# WHAT IS NEEDED:
Output the listing exactly as written, apart from its pictures.

# DATA EXTRACT:

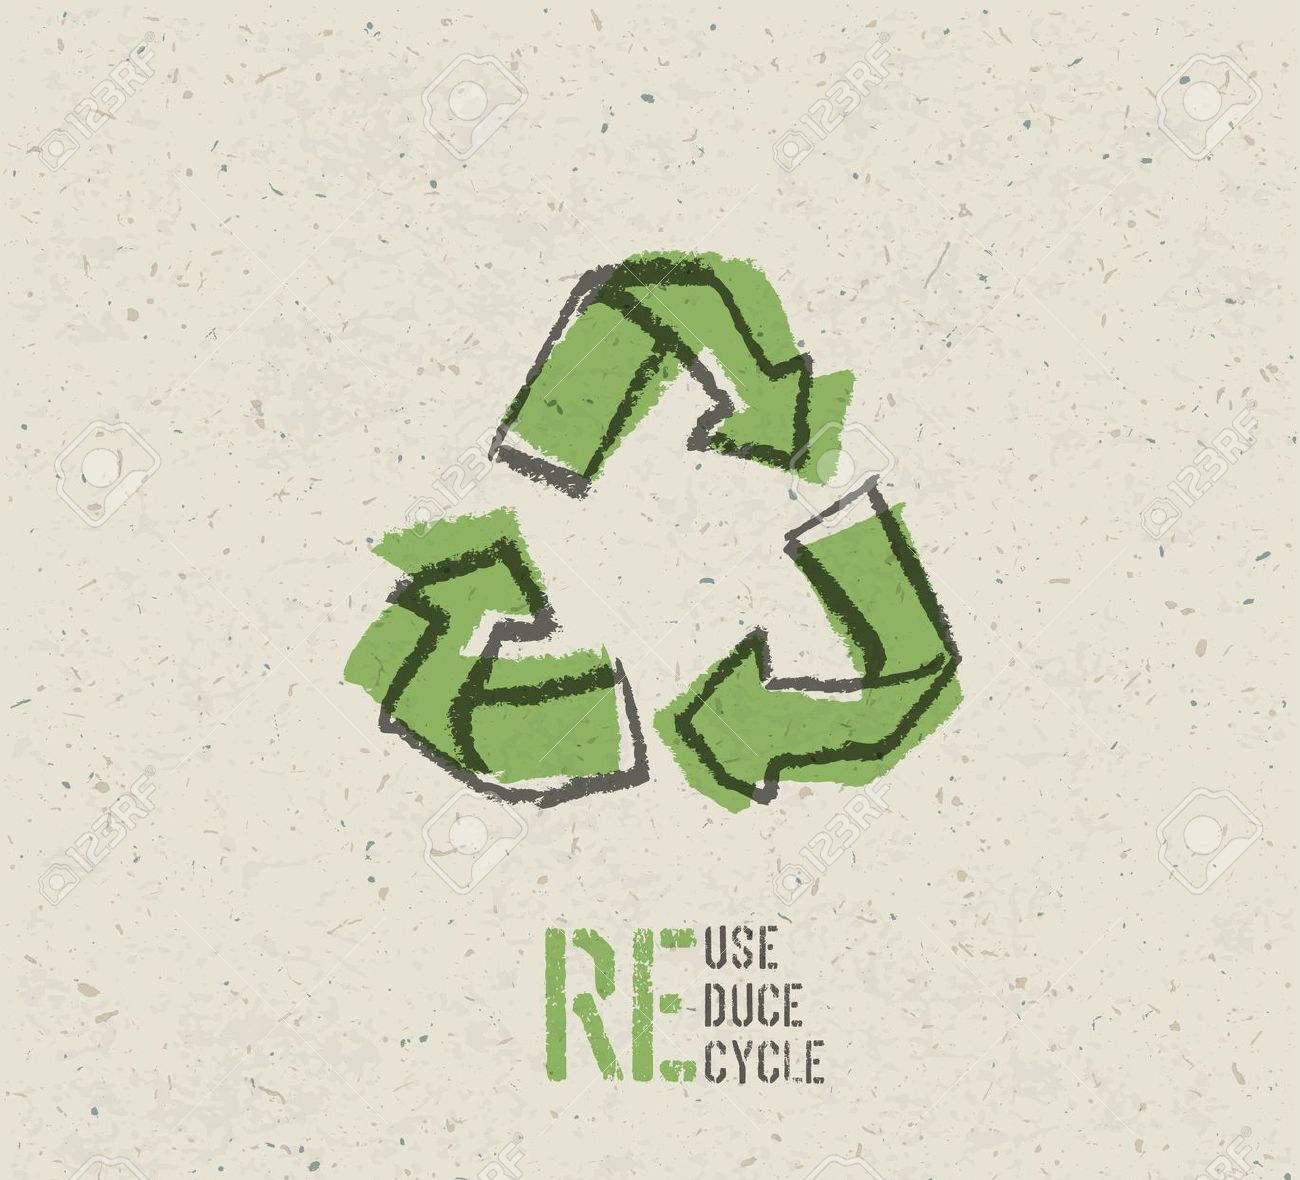 consejos para reciclar papel
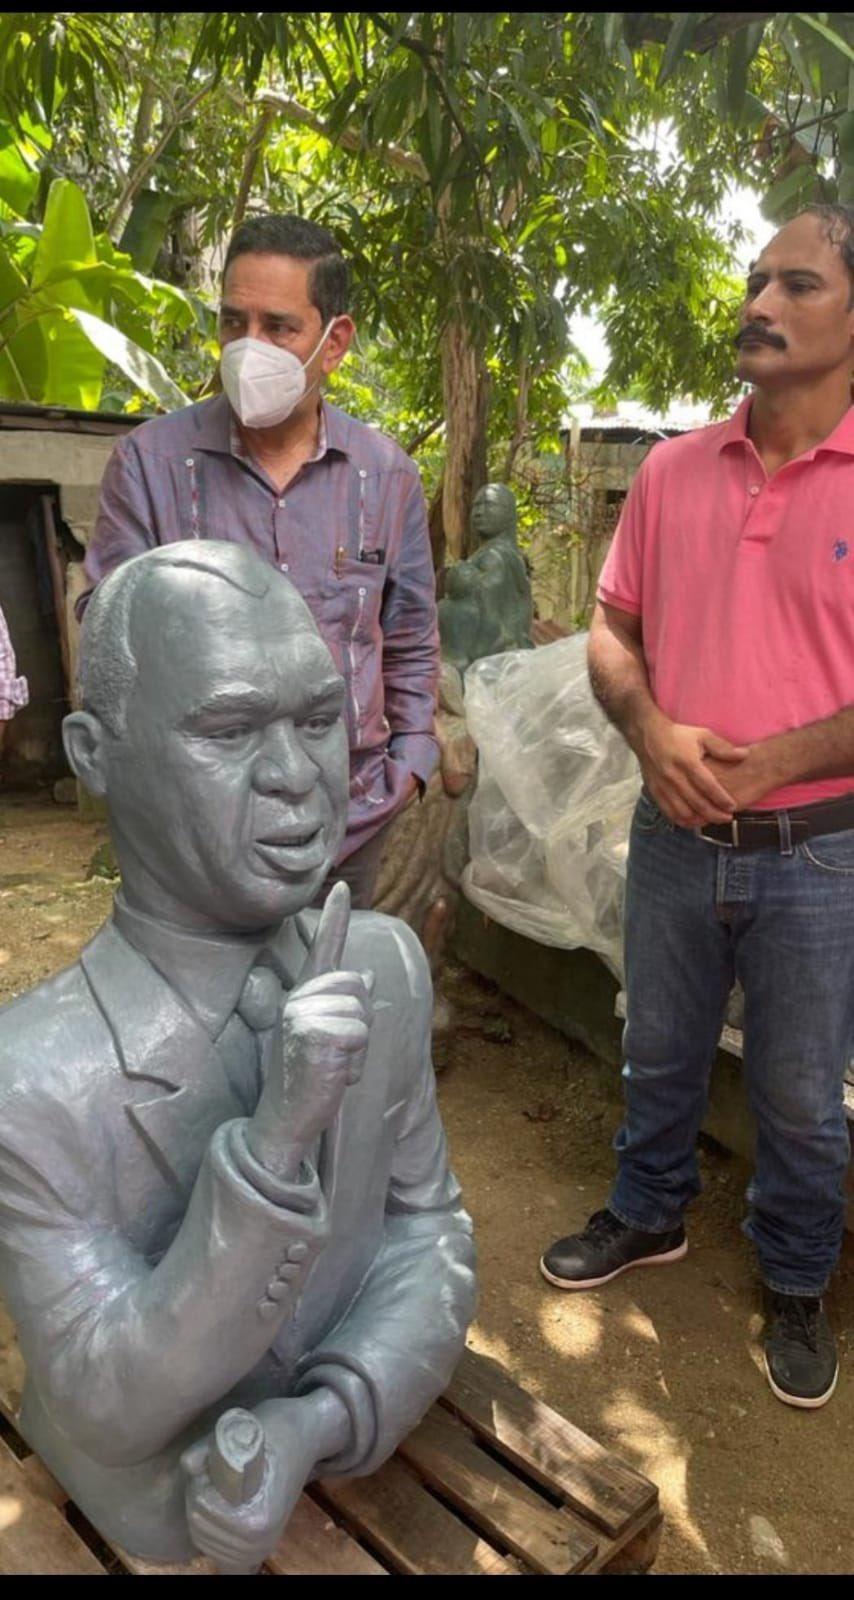 Revuelo en Twitter por busto de Peña Gómez que se parece a Euri Cabral
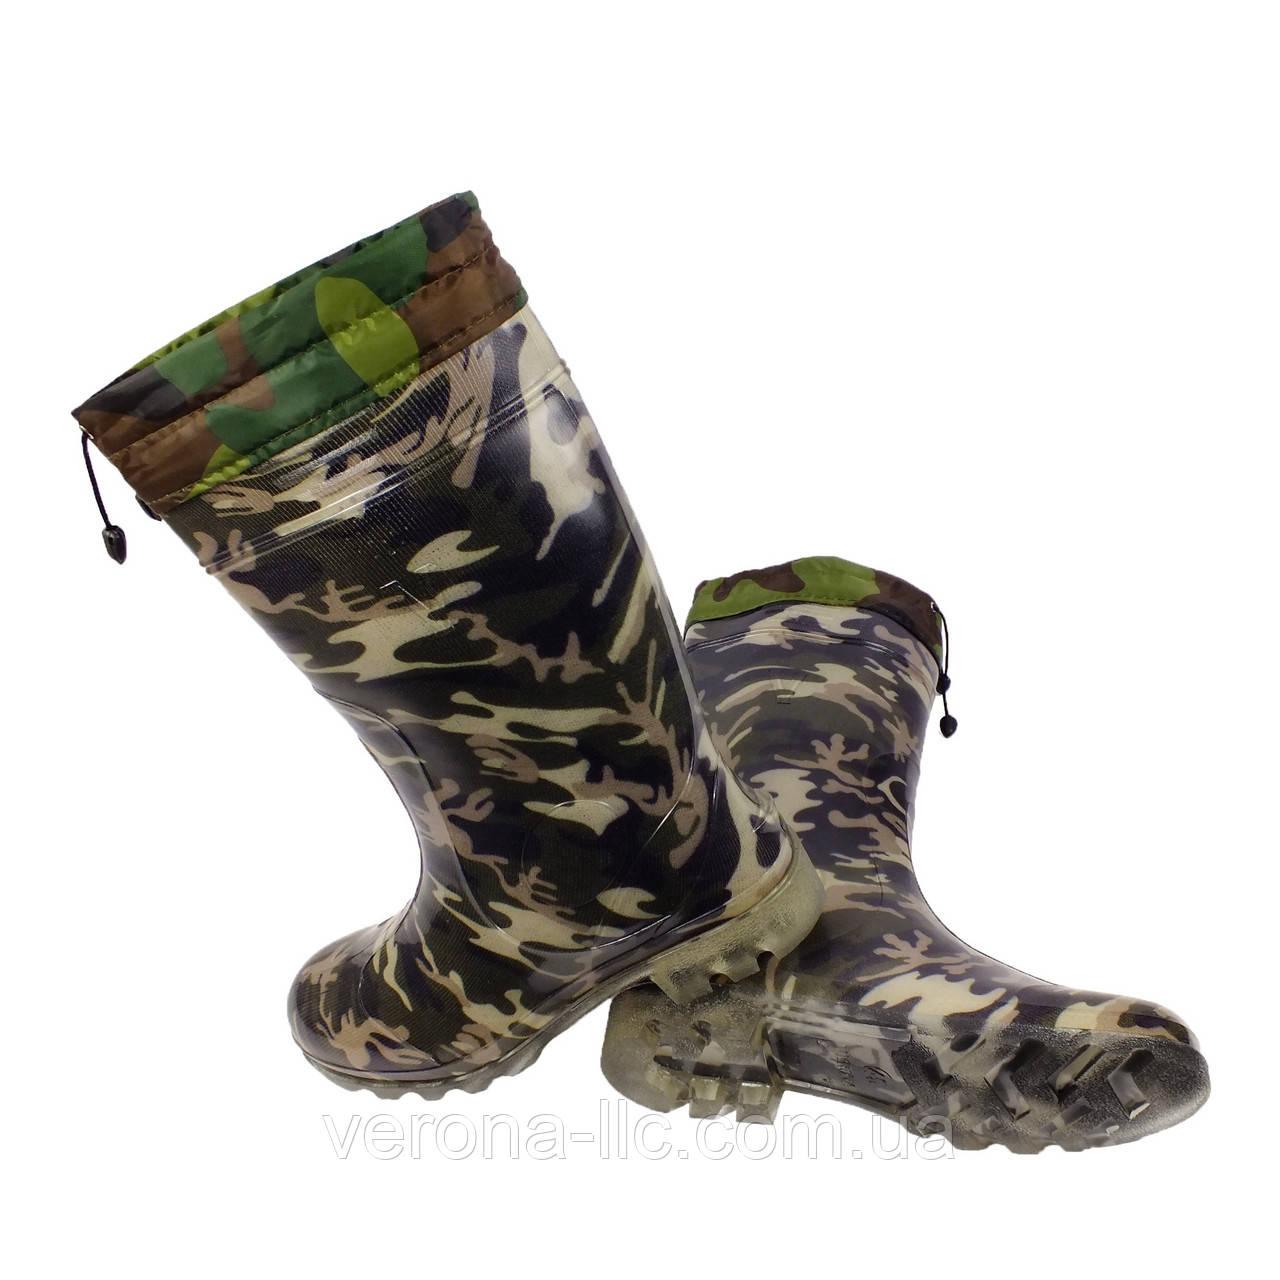 964772bcc Сапоги силиконовые [утепленные] ГРИБНИК (Камуфляж) Verona - Производство  обуви
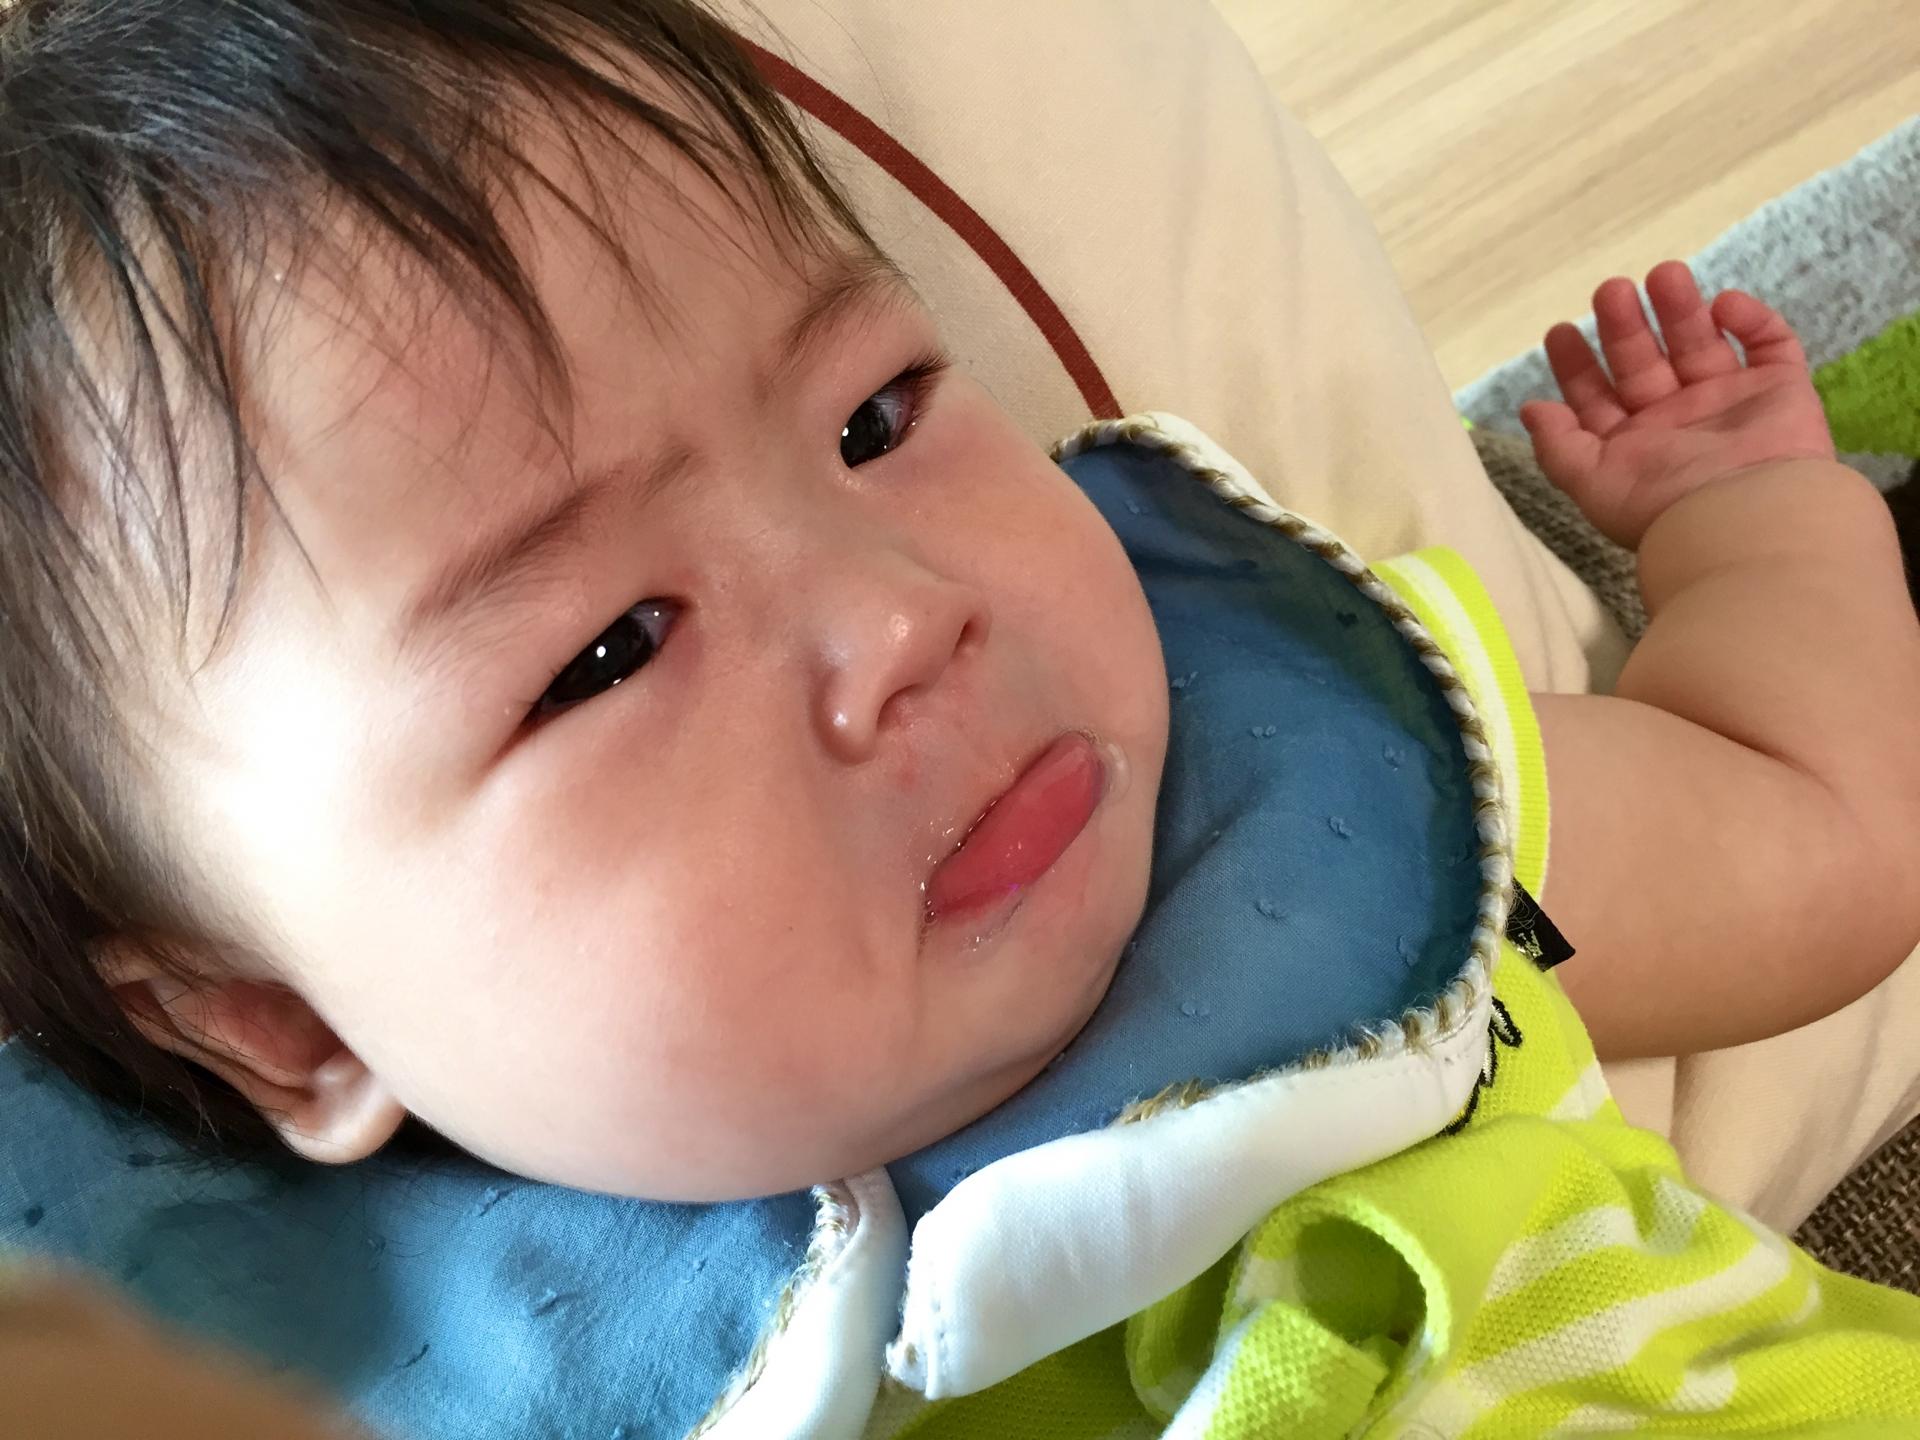 ぐずる赤ちゃんにイライラしてしまうと悩んだ時の対処法

# REPLY:
 consejos para reciclar papel
 Revuelo en Twitter por busto de Peña Gómez que se parece a Euri Cabral
 964772bcc Сапоги силиконовые [утепленные] ГРИБНИК (Камуфляж) Verona - Производство  обуви
 ぐずる赤ちゃんにイライラしてしまうと悩んだ時の対処法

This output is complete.